In the last 7 years I have been blessed to fall pregnant four times.
Four times of excitedly waiting for the word ‘Pregnant’ to flash up on that little Clearblue set screen. Four times of waiting nervously for scans, and four times of planning bedrooms and shopping for tiny little clothes. Four painful labours.
Sadly despite this, only three times have I brought my babies home – three times they have slept in those bedrooms, and got to wear the tiny little clothes that I so lovingly picked out for them. Sophie our second daughter was stillborn at 24 weeks gestation in 2012.
Izzie was born in 2010 after a relatively straight forward pregnancy. She was 5 days overdue but tiny and perfect and I fell into life as a mum feet first and loved it. I had no reason whatsoever to have any worries when we found out in September 2011 that we were pregnant again.
Aside from a minor bleed at around 8 weeks, and some debilitating morning sickness, running around after a toddler, the weeks flew by in a blur of a 12 week scan, and later a 20 weeks scan. At that appointment the baby was not playing ball, and had no desire to let on whether we were team pink or blue, and so we booked a private gender scan the following day and found out we were team pink again -and we were ecstatic. My wish for Izzie was to have the sister that I didn’t have and always wanted growing up.

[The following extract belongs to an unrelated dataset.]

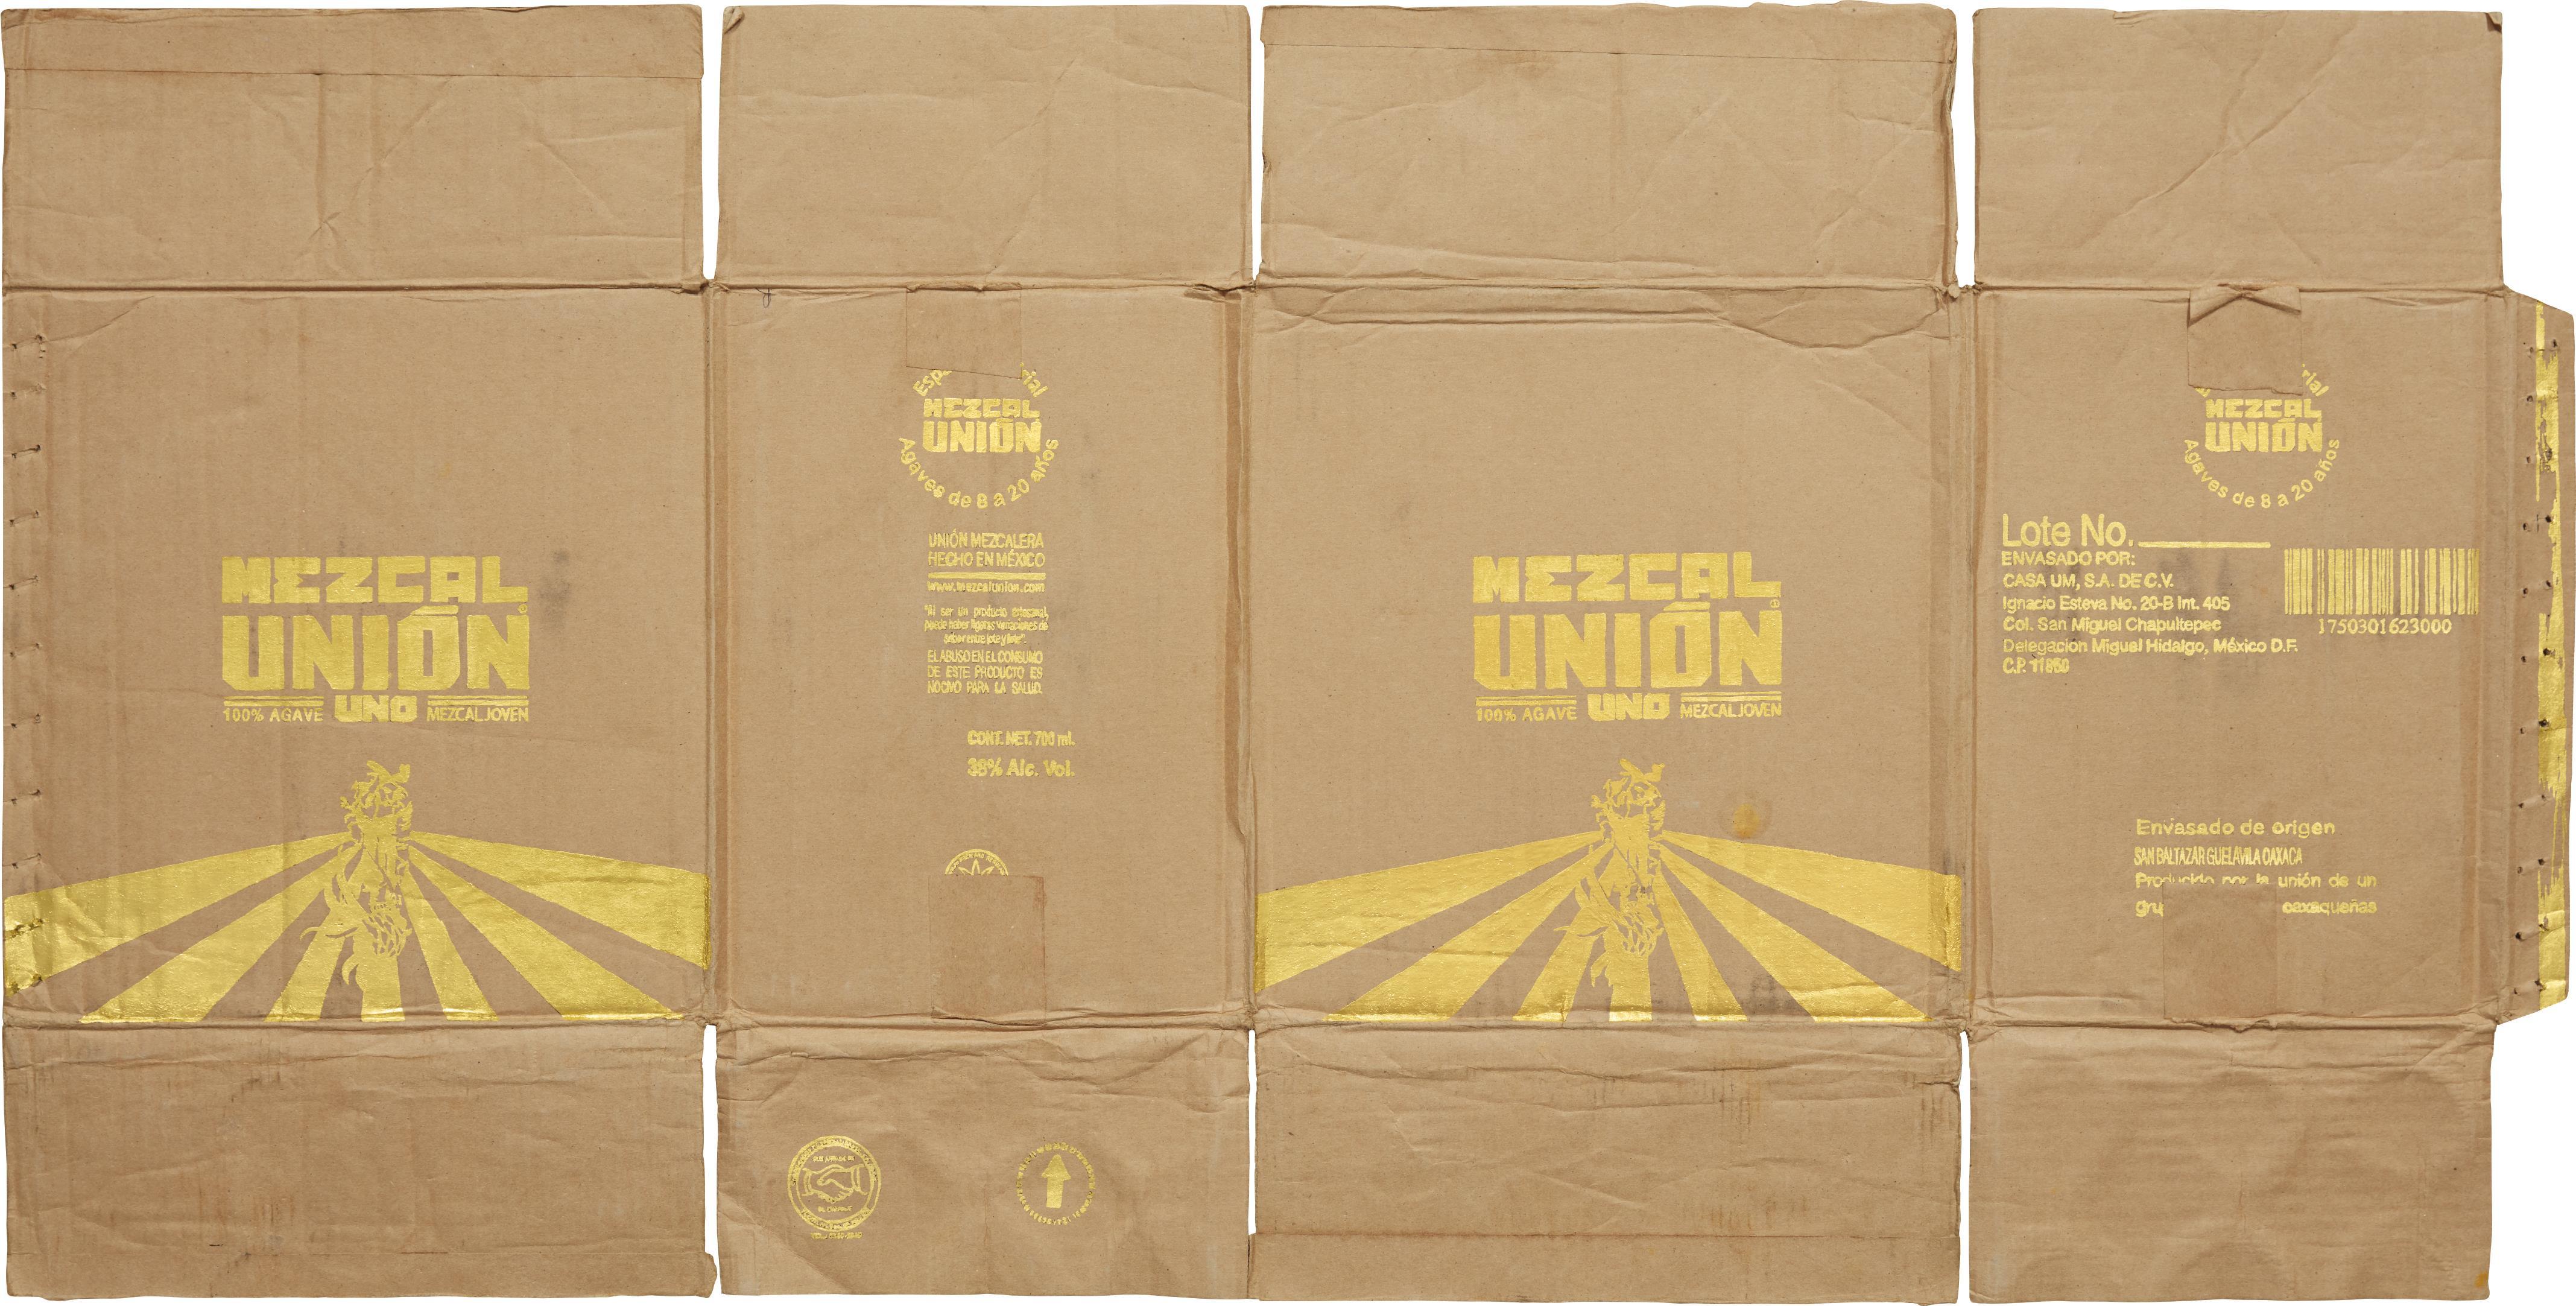 Danh Vo-Mezcal Union-2010

I have to mention at this point that because my pregnancy with Izzie was straight forward, I had considerably less midwife appointments the second time round, later hindered by the fact that my midwife was taken ill and had to take some time off work. I was then seen by several locum midwives and probably didn’t receive the best care I could as there was no consistency.
At my 12 and 20 week scan it was mentioned that I had an anterior placenta – where your placenta is attached to the front wall of your uterus – and this meant that I didn’t feel a lot of movement or kicks, because they were cushioned. As a result of this, and the gaps in my care I resorted to using a home doppler to check on the baby a few times a week.
The home doppler was something I had purchased when pregnant with Izzie, purely just as a fun way for us as first time parents, and also family to be able to hear her heartbeat – it was totally a novelty and wasn’t used in a serious way at all.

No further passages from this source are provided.